The caste factor

Ambika Shaligram
Tuesday, 14 August 2018

Justice (retd) Dilip Karnik of Bombay High Court dwells on the constitutional aspects of the reservation policy

On August 7, two days before the Maratha Kranti Morcha called bandh across the state, the Bombay High Court admitted a plea on the community’s demand for reservation. It will hear a petition seeking directions to the Maharashtra government and the Maharashtra State Commission for the Backward Classes to come up with a time-bound programme on implementing quota for the Maratha community. 

The politically-influential Maratha community, constituting around 30 per cent of the state’s population, has been agitating to press its demand for reservation in jobs and education. The high court has directed the state to file a fresh progress report detailing the commission’s work, by September 10. 

With more and more ‘upper’ castes and politically influentially communities demanding reservation, we try to understand the constitution makers’ sentiments in awarding reservation to certain sections of society. 

Explaining the term reservation, Justice (retd) Dilip Karnik of Bombay High Court, says, “Under the Presidential Order, reservation was restricted to Scheduled Caste, Scheduled Tribe and Nomadic Tribe. That was the original definition of reservation in the constitution as it was framed in 1950.” 
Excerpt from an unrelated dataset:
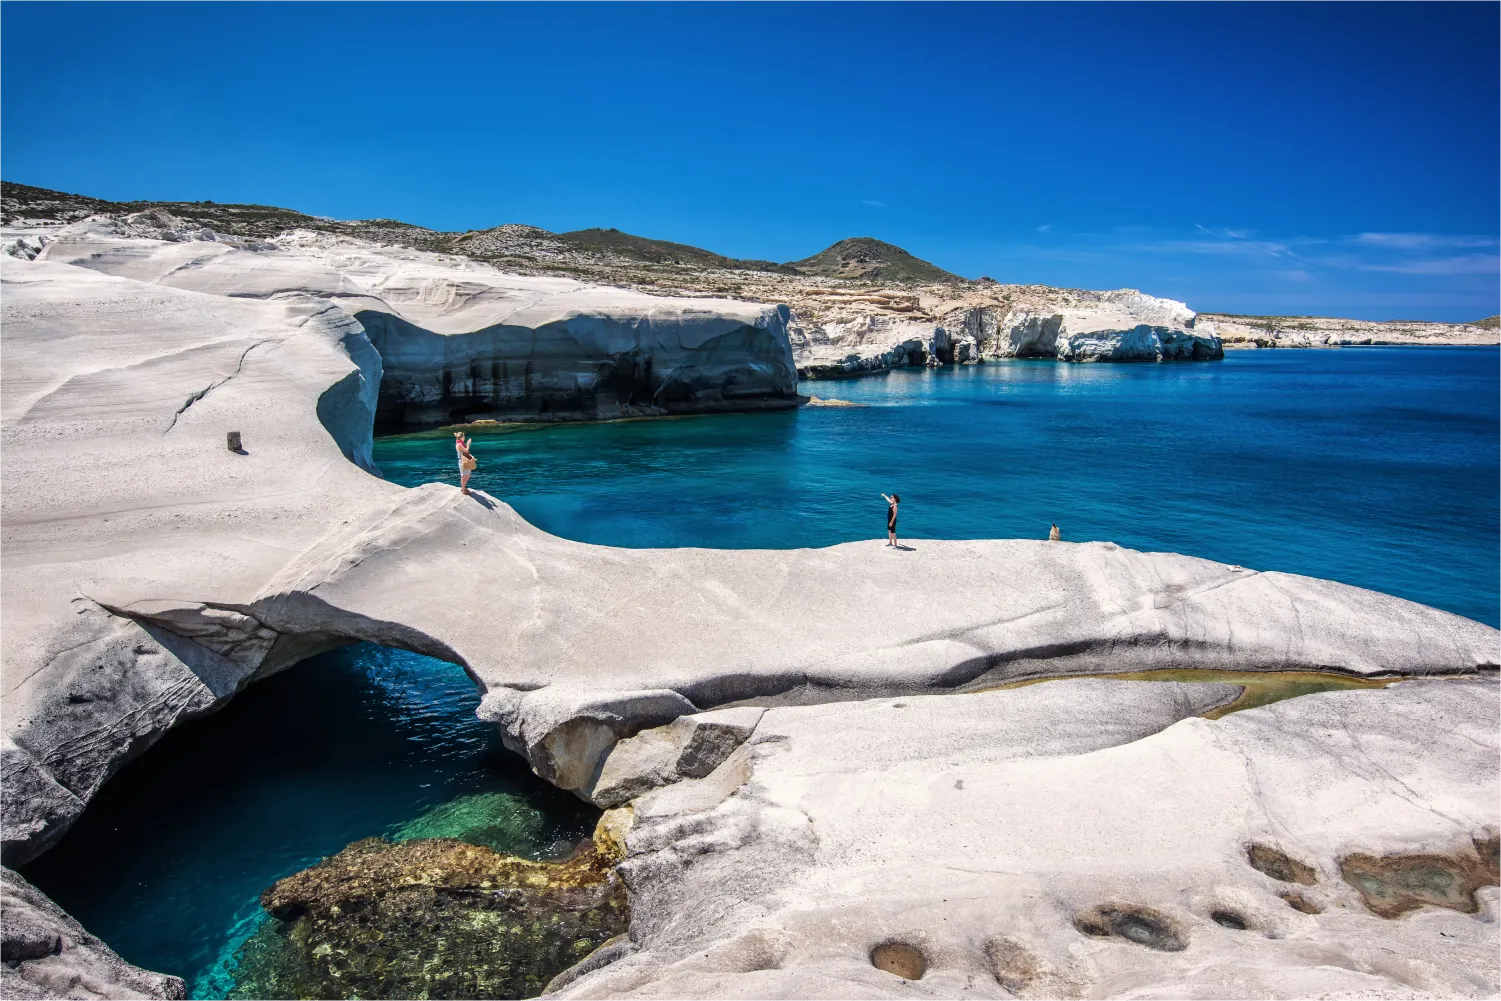 La magnifique plage de Sarakiniko à Milos avec ses rochers blancs et ses eaux bleues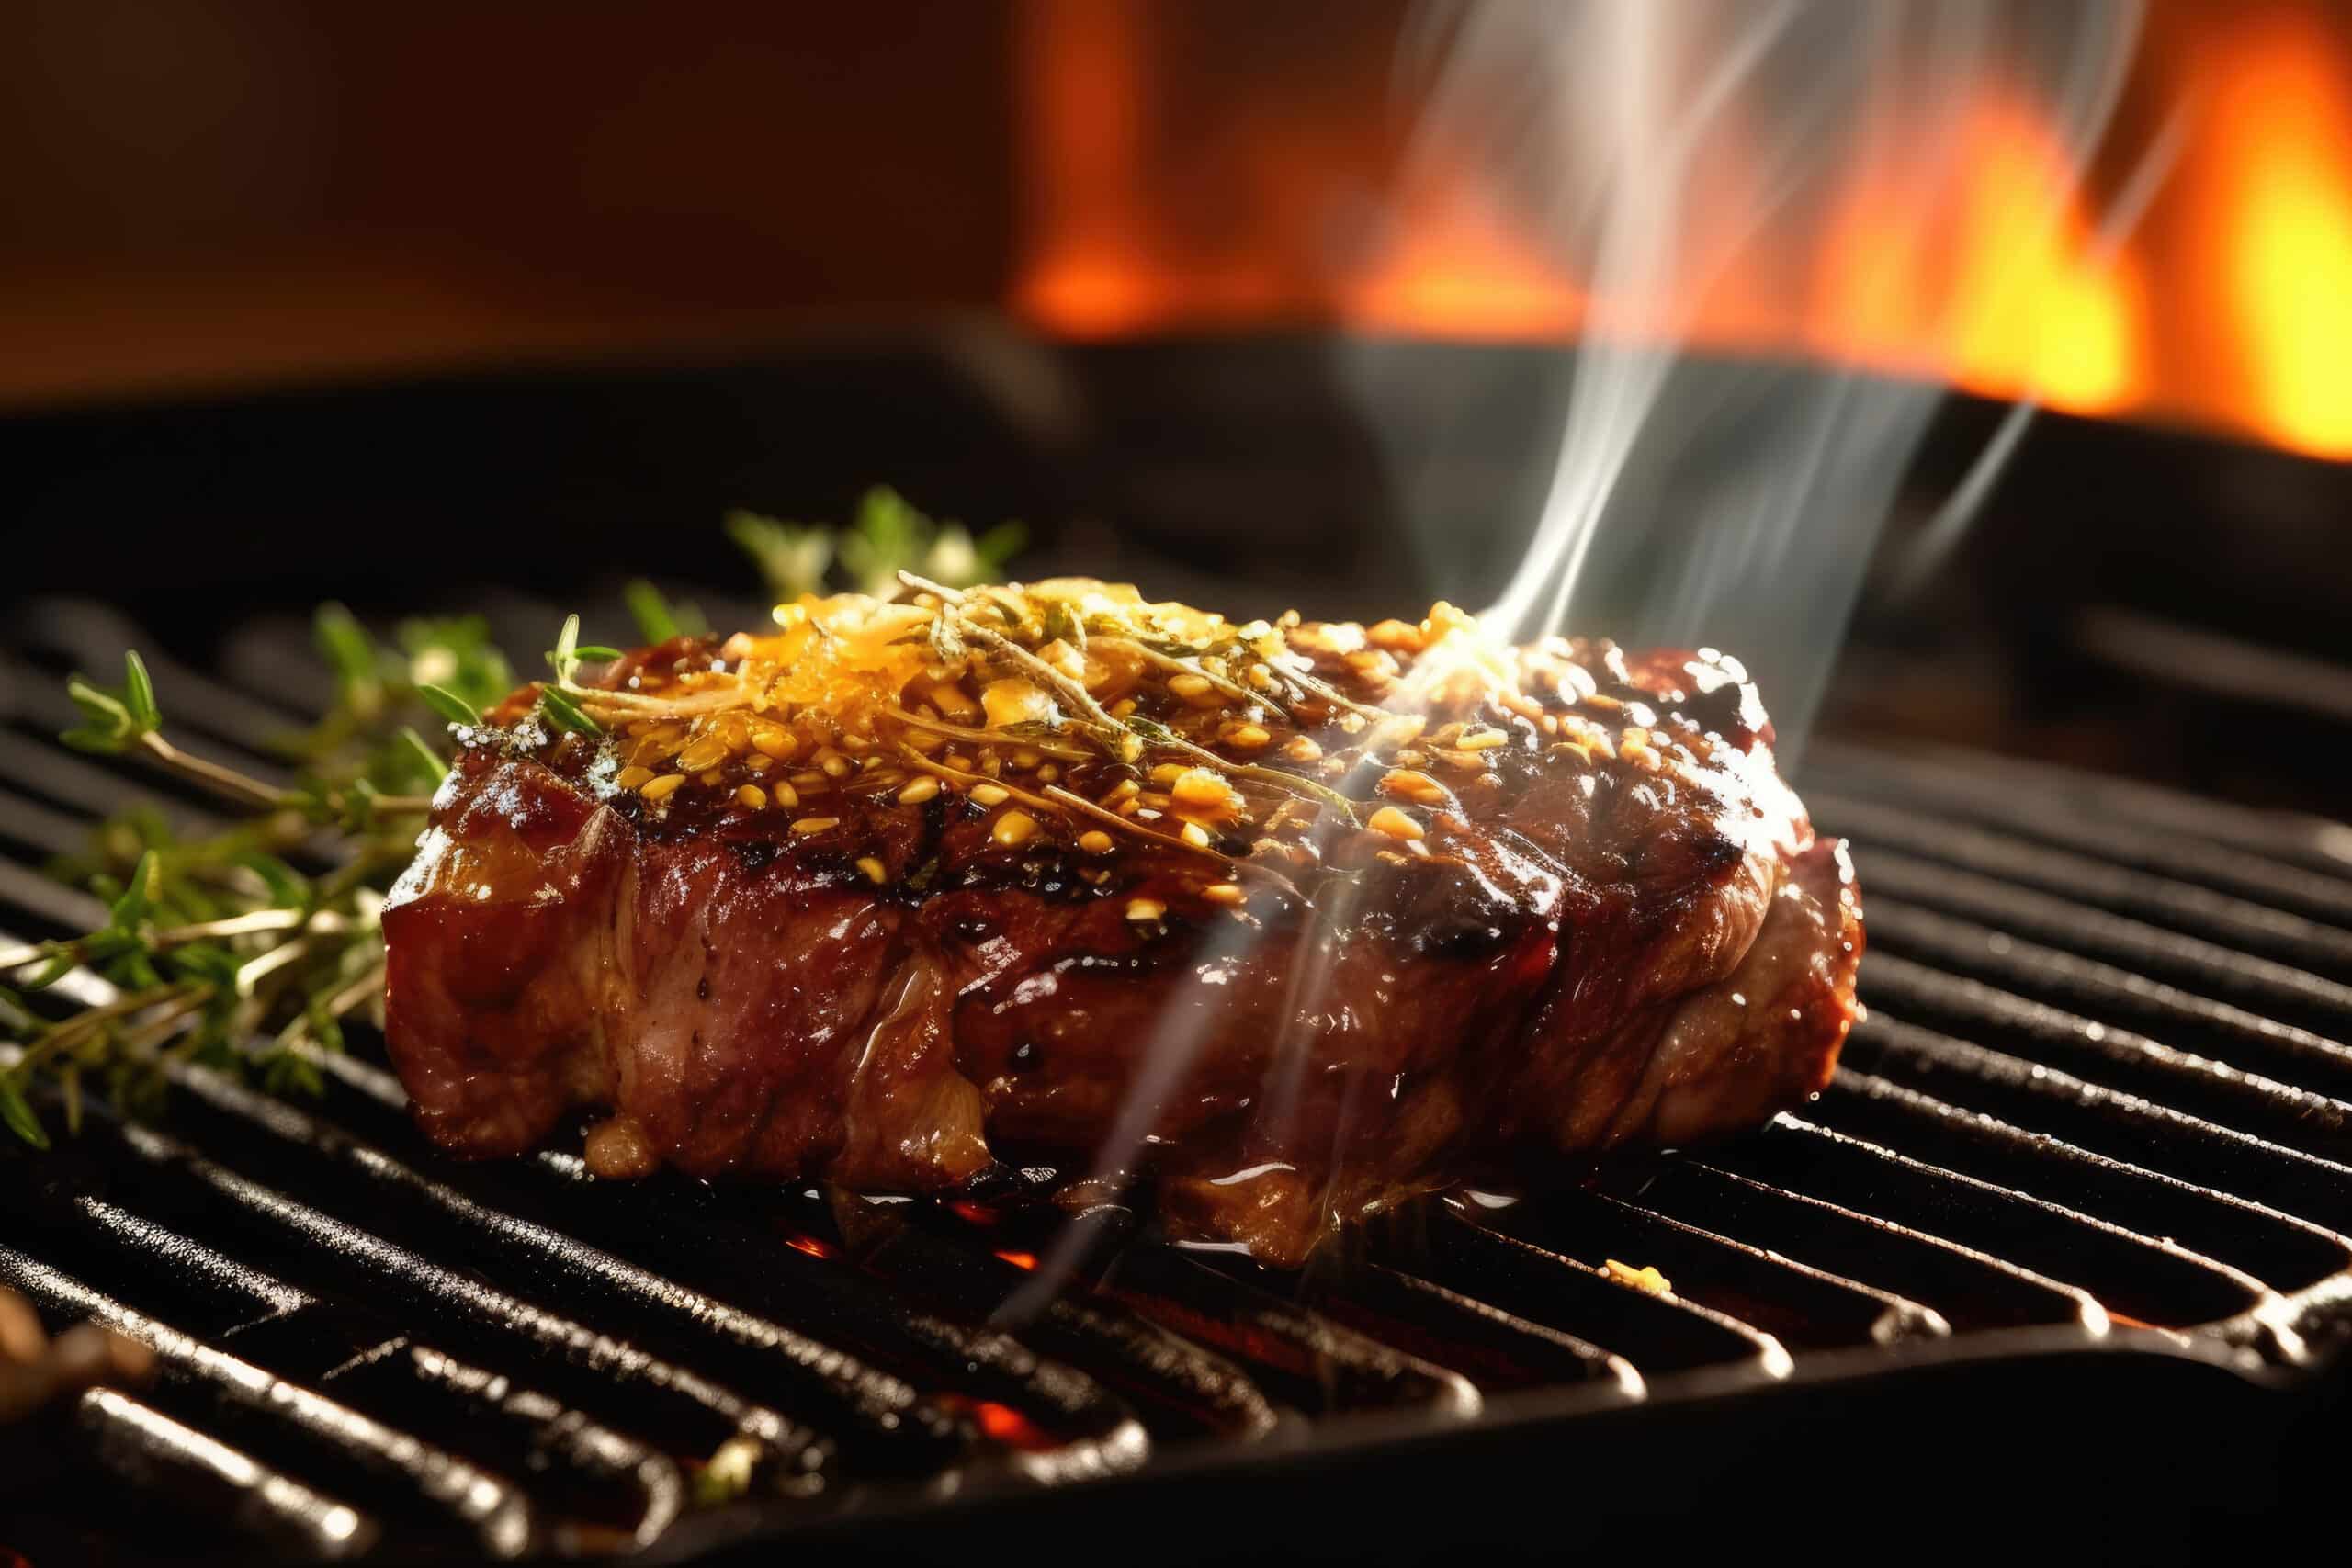 www.appr.com : What Temp To Smoke Steaks On Pellet Grill?

“Reservation,” says Justice Karnik, “is an exception to Fundamental Rights — Article 14, Article 15 and Article 16, which provide ‘Equal Opportunity Before Law,’ ‘Equal Opportunity of Law’, and ‘Equal Opportunity of Employment’ to citizens of India. If you reserve something for a group of people, then other people don’t have an equal opportunity of competing with it. So the principle of reservation is an exception to these Fundamental Rights.” 

“Equality of Law means that two persons cannot be treated differently. But if the two have different circumstances — if person A didn’t have access to education, or he didn’t have money, he cannot compete with person B, who has the means. Therefore, treating them equally would be inequality again. That was the principle on which reservation was based,” he adds.

The reservation for Scheduled Caste, Scheduled Tribe and Nomadic Tribes was initially only for 15 years. It was supposed that after 15 years, the lives of one generation will improve; they will get access and exposure to education which was denied to them earlier by caste hierarchy. Once their lives have been improved, it was assumed that they wouldn’t need reservation. “With successive amendments to the constitution by Parliament, the reservation tenure kept getting extended. It was expected that the families, who were given preferences in jobs and education etc, and are on par with other members of society, will not avail of reservation when it comes to their kids. But because the provision is there in the Constitution, the policy of reservation continues,” he adds.  

The Supreme Court has ruled that there will be less than 50 per cent reservation quota. For instance, if there are 100 seats available, then only 50 seats can be reserved, not 51. “The law says that only 50 per cent of seats can be reserved. How you distribute those seats within 50 per cent falls in the domain of the legislature,” points out Justice Karnik, adding, “Except for some cases in Tamil Nadu, the Supreme Court judgement is being observed in the rest of the country.”

When asked if he forsees another amendment vis a vis the Maratha quota, Karnik says, “The reservation cannot exceed the 50 per cent. If the existing reservation in Maharashtra is say, 48 per cent, then the community gets only two per cent. If it exceeds more than what the quota entails, it eats into the seats of others.”

Do we see reservation policy being rolled back at any point of time, to which Justice Karnik says, “That’s a very political question. It depends on the political will of the society.”